Exercise data:

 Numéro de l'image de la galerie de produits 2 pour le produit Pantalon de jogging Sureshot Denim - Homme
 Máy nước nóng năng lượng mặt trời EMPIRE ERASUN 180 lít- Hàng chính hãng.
...
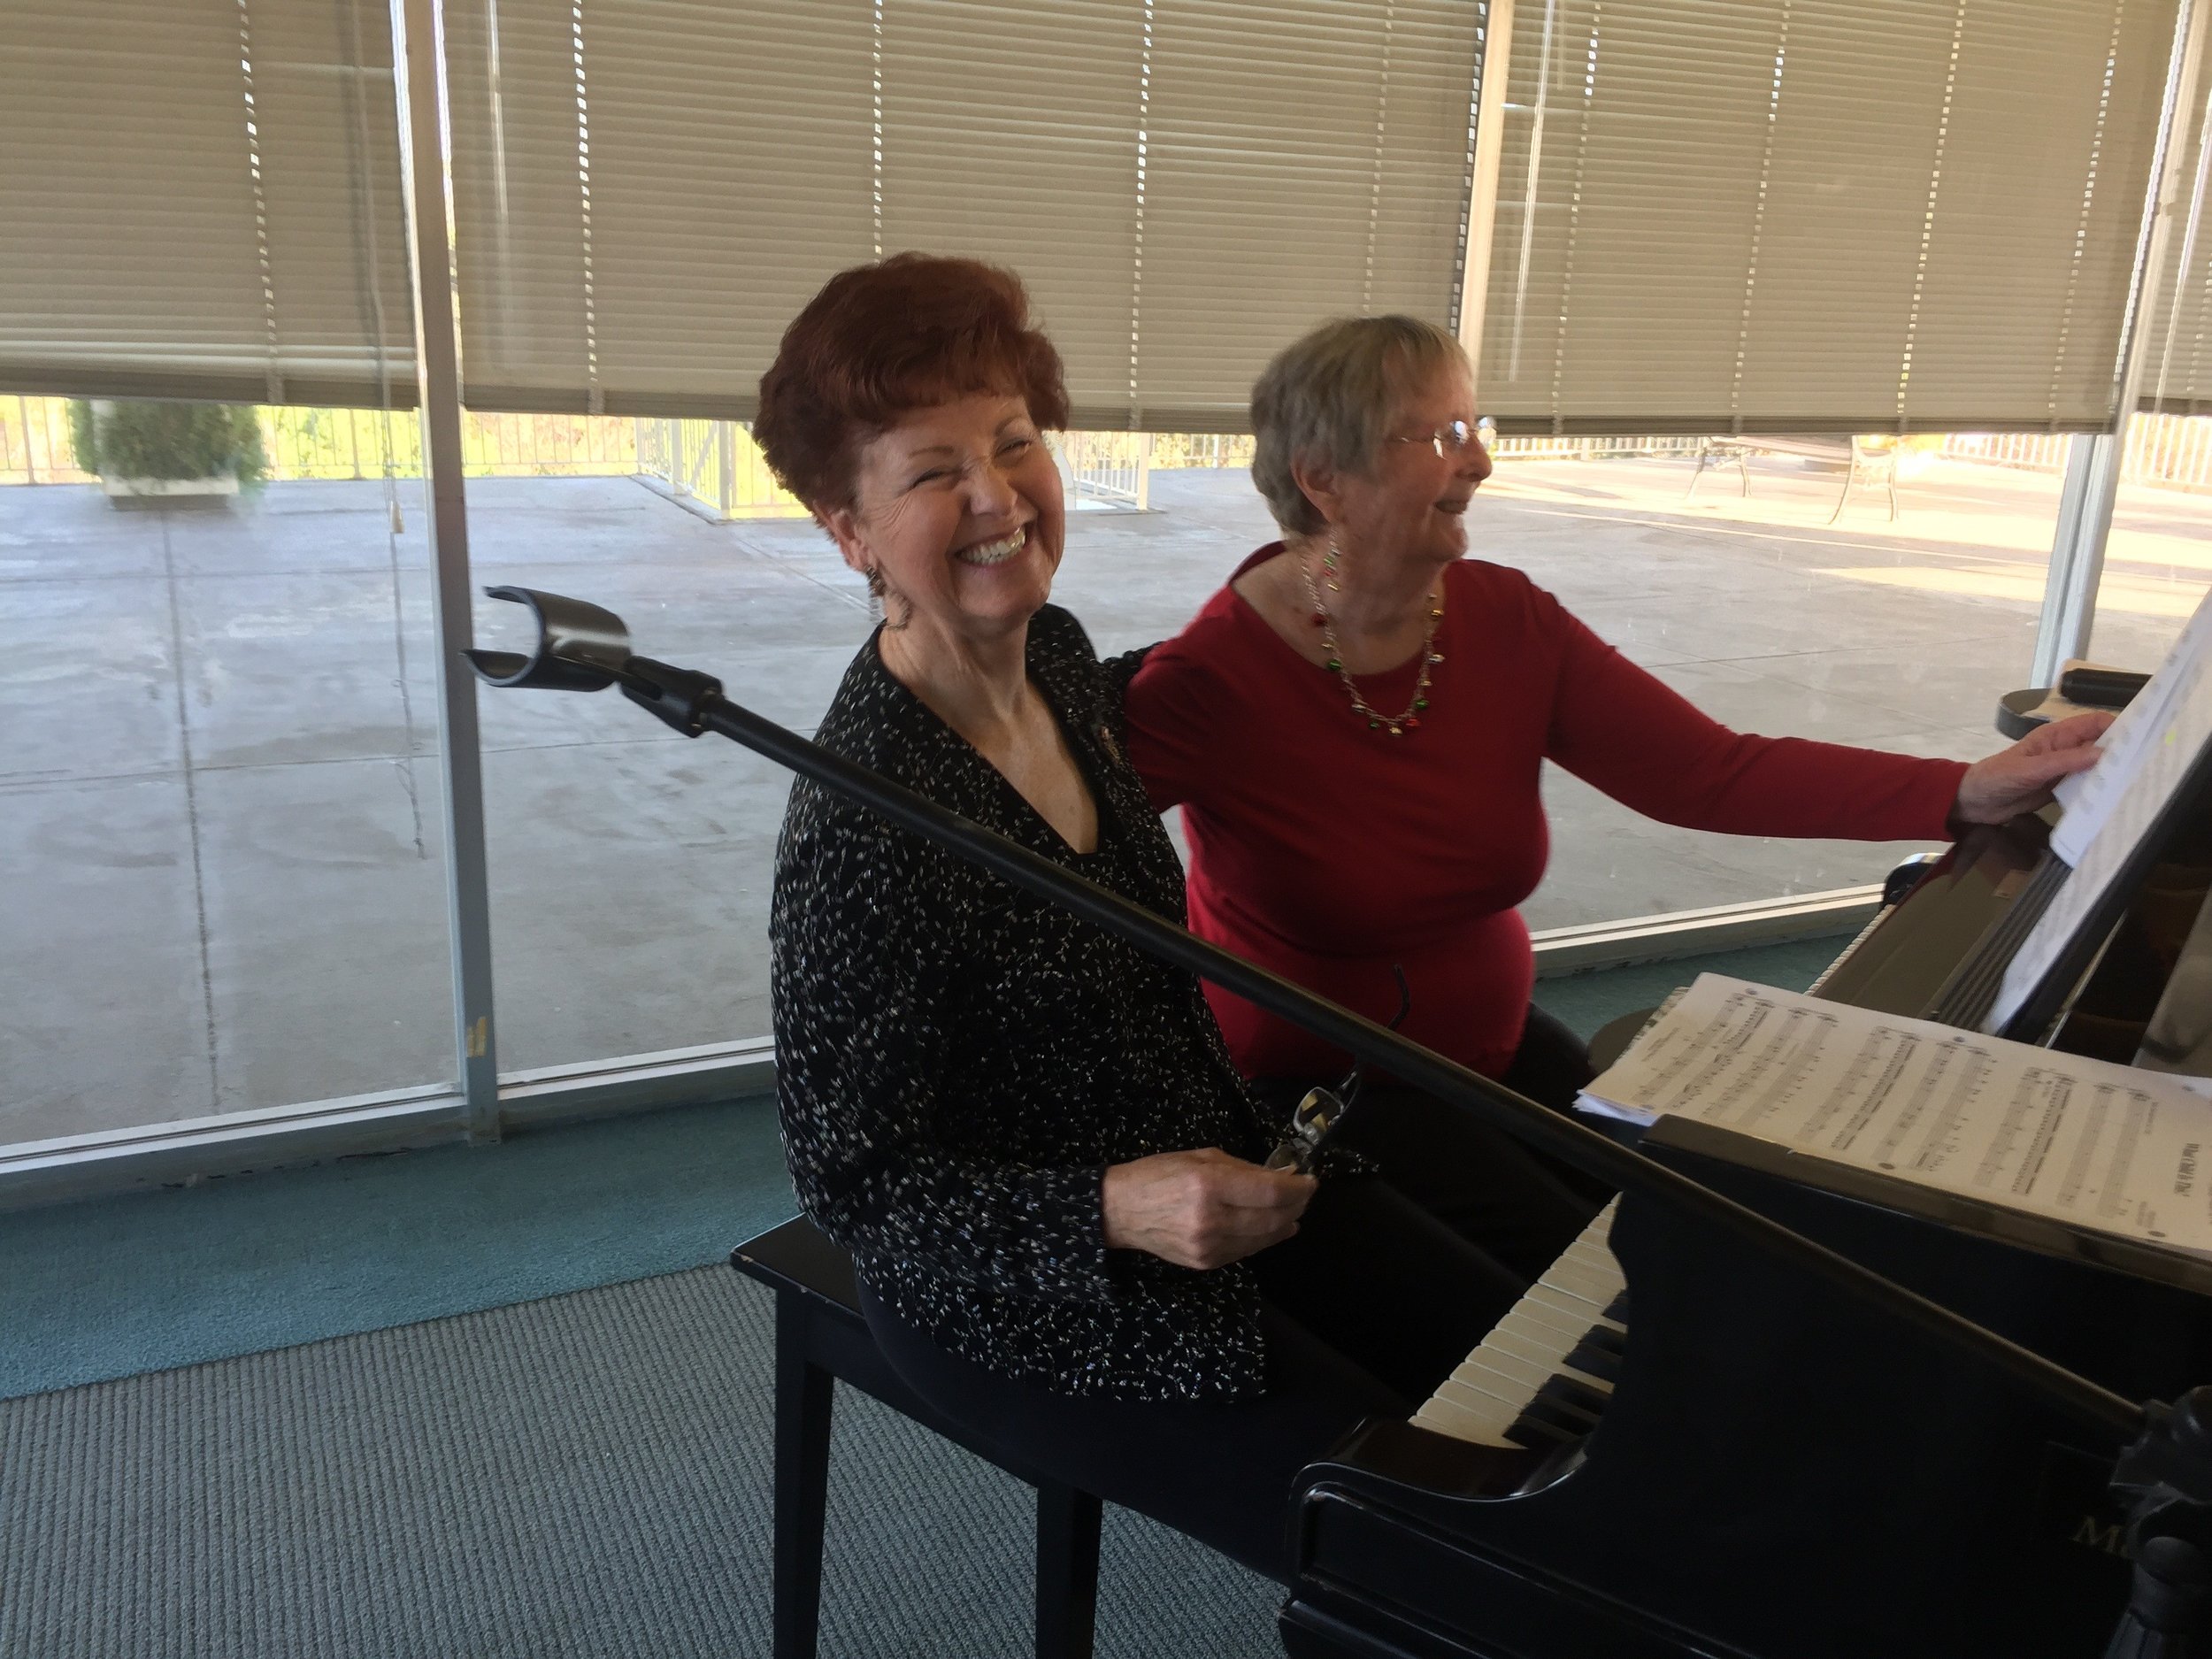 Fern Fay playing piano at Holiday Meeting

Your assignment: Of all the entries above, output exactly the lines between the one holding "Numéro de l'image" and the one holding "Máy nước nóng", inclusive.

Exercise solution:
 Numéro de l'image de la galerie de produits 2 pour le produit Pantalon de jogging Sureshot Denim - Homme
 Máy nước nóng năng lượng mặt trời EMPIRE ERASUN 180 lít- Hàng chính hãng.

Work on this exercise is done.